After running `env.sh`, you'll be prompted to input the following:

* Set `PUBLIC_APP_URL`. Defaults to `localhost`.
* Require PostgreSQL SSL mode? Defaults to `n`.
* Required field: Enter email address for the first user (superadmin).

## Download Caddyfile

Tracecat uses Caddy as a reverse proxy.
You'll need to download the following `Caddyfile` to configure this service.

```bash theme={null}
curl -o Caddyfile https://raw.githubusercontent.com/TracecatHQ/tracecat/1.0.0-beta.50/Caddyfile
```

## Download Docker Compose file

```bash theme={null}
curl -o docker-compose.yml https://raw.githubusercontent.com/TracecatHQ/tracecat/1.0.0-beta.50/docker-compose.yml
```

## Start Tracecat

Run the command below to start Tracecat and all related services.
Make sure your `docker-compose.yml` and generated `.env` files are in the same directory.

```bash theme={null}
docker compose up
```

## Access Tracecat

Once deployed, access your instance at:

* UI: `http://localhost:${PUBLIC_APP_PORT}`
* API docs: `http://localhost:${PUBLIC_APP_PORT}/api/docs`
* MCP: `http://localhost:${PUBLIC_APP_PORT}/mcp`

## Updating Tracecat

<Warning>
  Be careful when updating Tracecat.
  Do not accidentally overwrite or lose your existing `TRACECAT__SERVICE_KEY`, `TRACECAT__SIGNING_SECRET`, `TRACECAT__DB_ENCRYPTION_KEY`, and `USER_AUTH_SECRET` secrets.
  Losing these secrets will break your credentials and webhooks.
</Warning>

```bash theme={null}
# 1. Download the latest env migration script and env template
curl -o env-migration.sh https://raw.githubusercontent.com/TracecatHQ/tracecat/<version>/env-migration.sh
curl -o .env.example https://raw.githubusercontent.com/TracecatHQ/tracecat/<version>/.env.example

# 2. Make the migration script executable and update your existing .env
chmod +x env-migration.sh && ./env-migration.sh

# 3. Download the latest Docker Compose file
curl -o docker-compose.yml https://raw.githubusercontent.com/TracecatHQ/tracecat/<version>/docker-compose.yml

# 4. Download the latest Caddyfile
curl -o Caddyfile https://raw.githubusercontent.com/TracecatHQ/tracecat/<version>/Caddyfile

# 5. Restart Tracecat with the updated configuration
docker compose up -d
```

The migration script creates a backup of your existing `.env` before rewriting it.
After the stack starts, verify that your containers are healthy and that you can sign in successfully.

## Scaling

Docker Compose runs all services on a single host.
These are recommended minimums for different workload sizes.

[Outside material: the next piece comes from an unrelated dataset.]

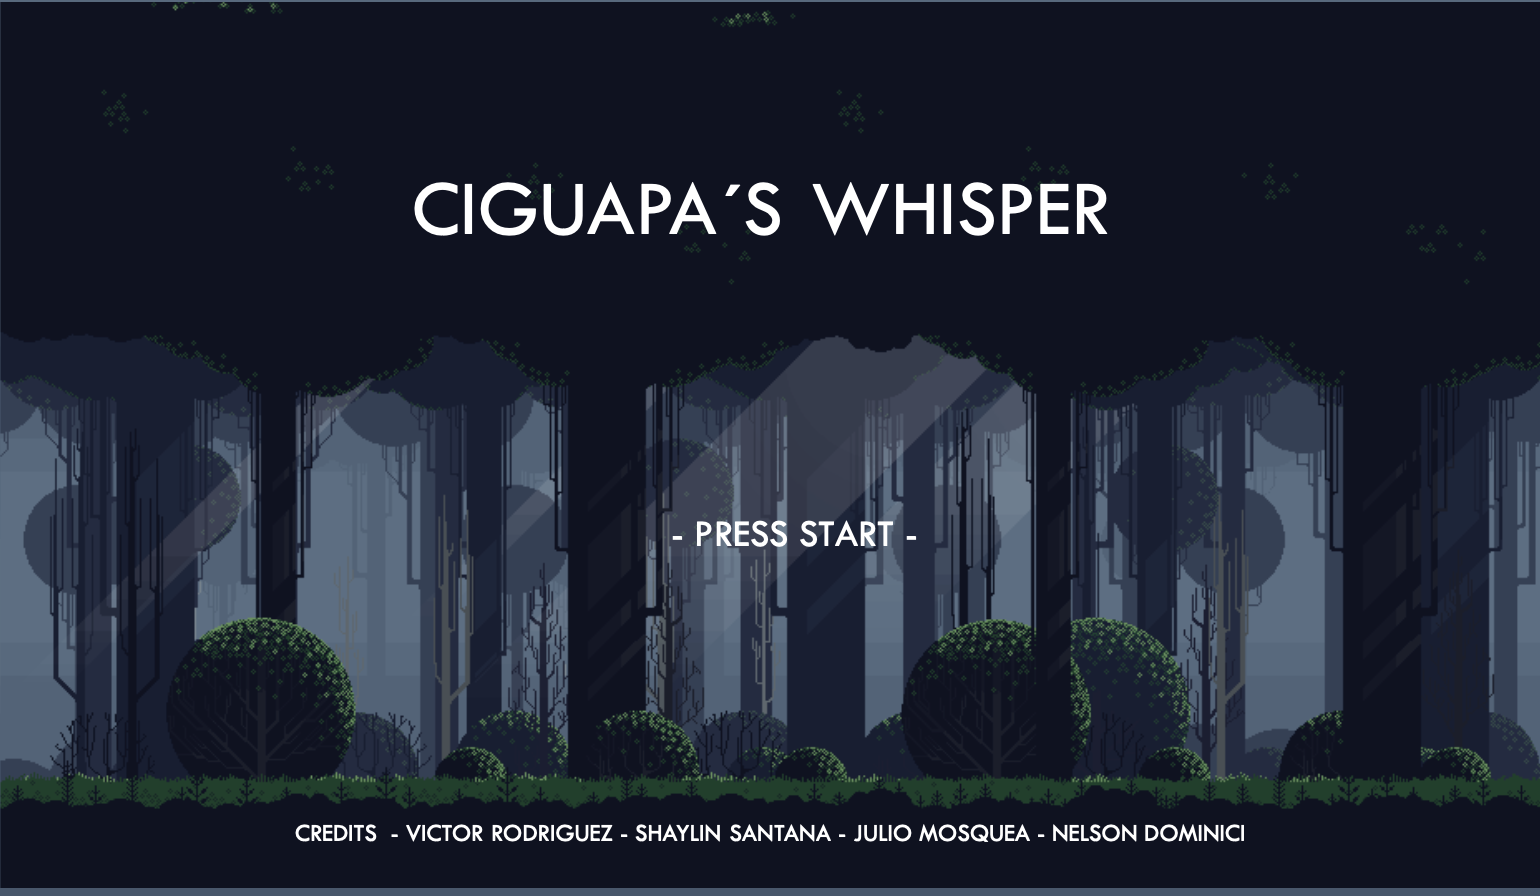 Ciguapa's Whisper

| Resource              | Small     | Standard  | Production  |
| :-------------------- | :-------- | :-------- | :---------- |
| CPU                   | 8 cores   | 16 cores  | 32+ cores   |
| RAM                   | 16 GB     | 32 GB     | 64+ GB      |
| Storage               | 20 GB SSD | 50 GB SSD | 100+ GB SSD |
| Docker                | 26.0.0+   | 26.0.0+   | 26.0.0+     |
| Workflow starts/sec   | \~5       | \~15      | \~40        |
| Concurrent seats      | 1-10      | 10-50     | 50+         |
| Concurrent agents/sec | 1-2       | 5-10      | 10+         |

* Small: Development, testing, small teams (1-10 users)
* Standard: Mid-size teams (10-50 users), moderate workflow execution
* Production: Large teams (50+ users), high throughput

Memory is typically the constraining factor.
Workflow throughput is lower than dedicated Kubernetes deployments where services have guaranteed resources and can scale independently.

For production workloads that exceed single-host capacity, consider [converting to Docker Swarm](#convert-to-docker-swarm) or deploying on Kubernetes.

## Convert to Docker Swarm

Docker Swarm lets you scale individual services with resource limits and replicas across one or more nodes.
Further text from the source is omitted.